Task: Without the pictures, can you quote each line below exactly?

Recorded information:
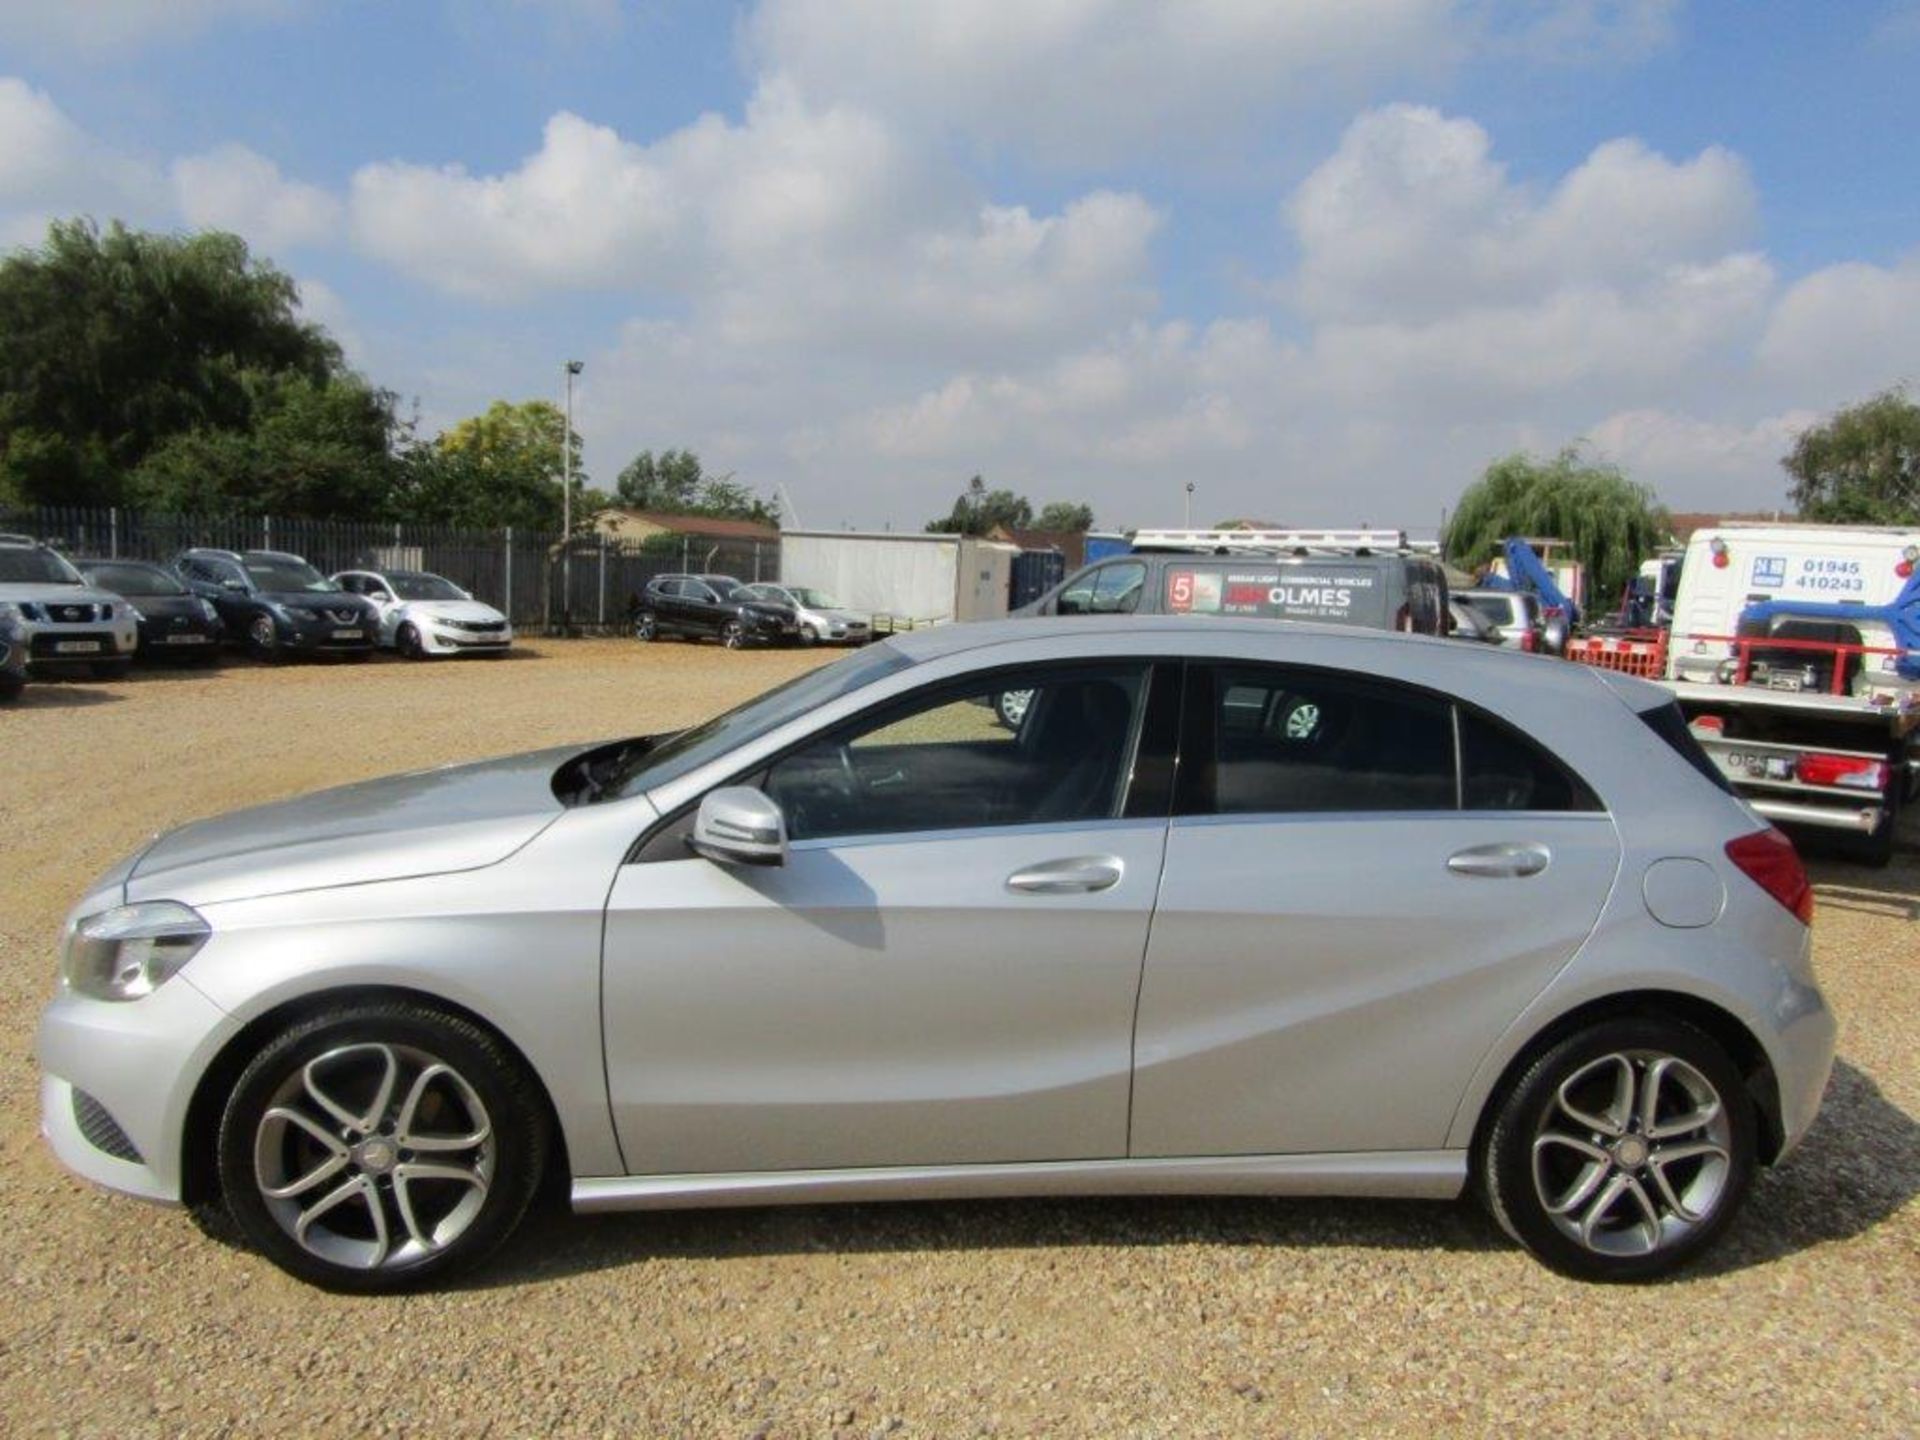 65 15 Mercedes A200 Sport CDI - Image 2 of 22
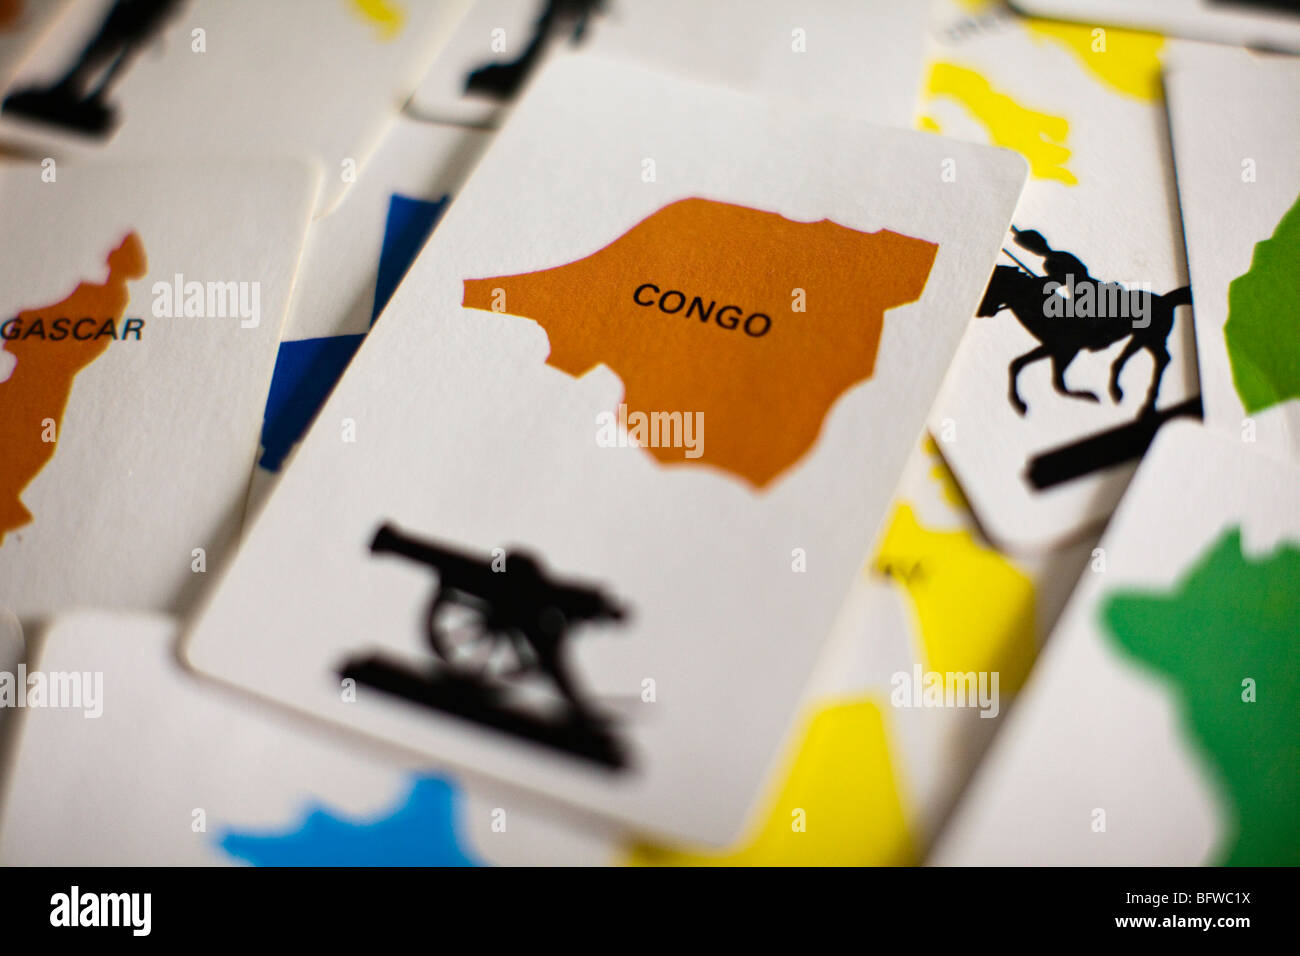 The Congo card in the classic board game of 'Risk' Stock Photo
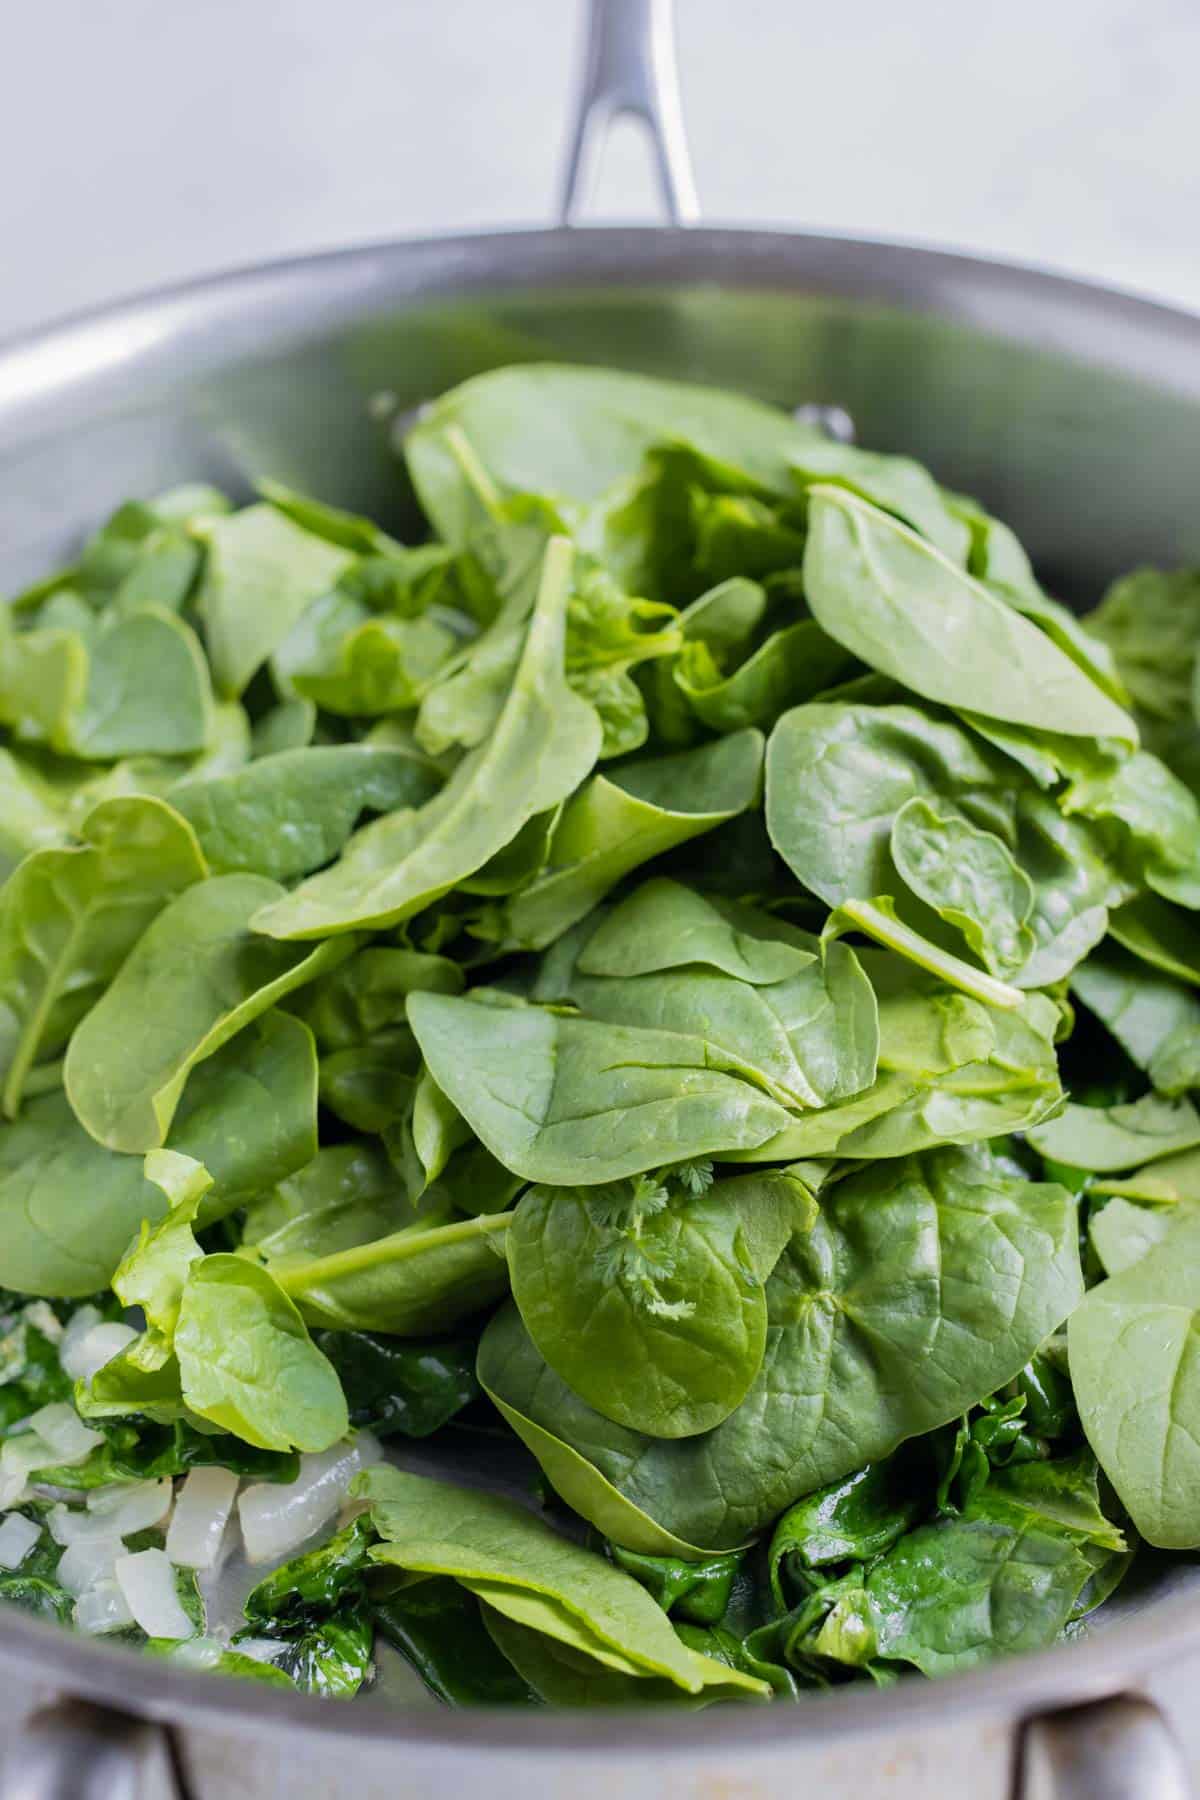 More fresh spinach is added to the pan.

Reply:
 65 15 Mercedes A200 Sport CDI - Image 2 of 22
 The Congo card in the classic board game of 'Risk' Stock Photo
 More fresh spinach is added to the pan.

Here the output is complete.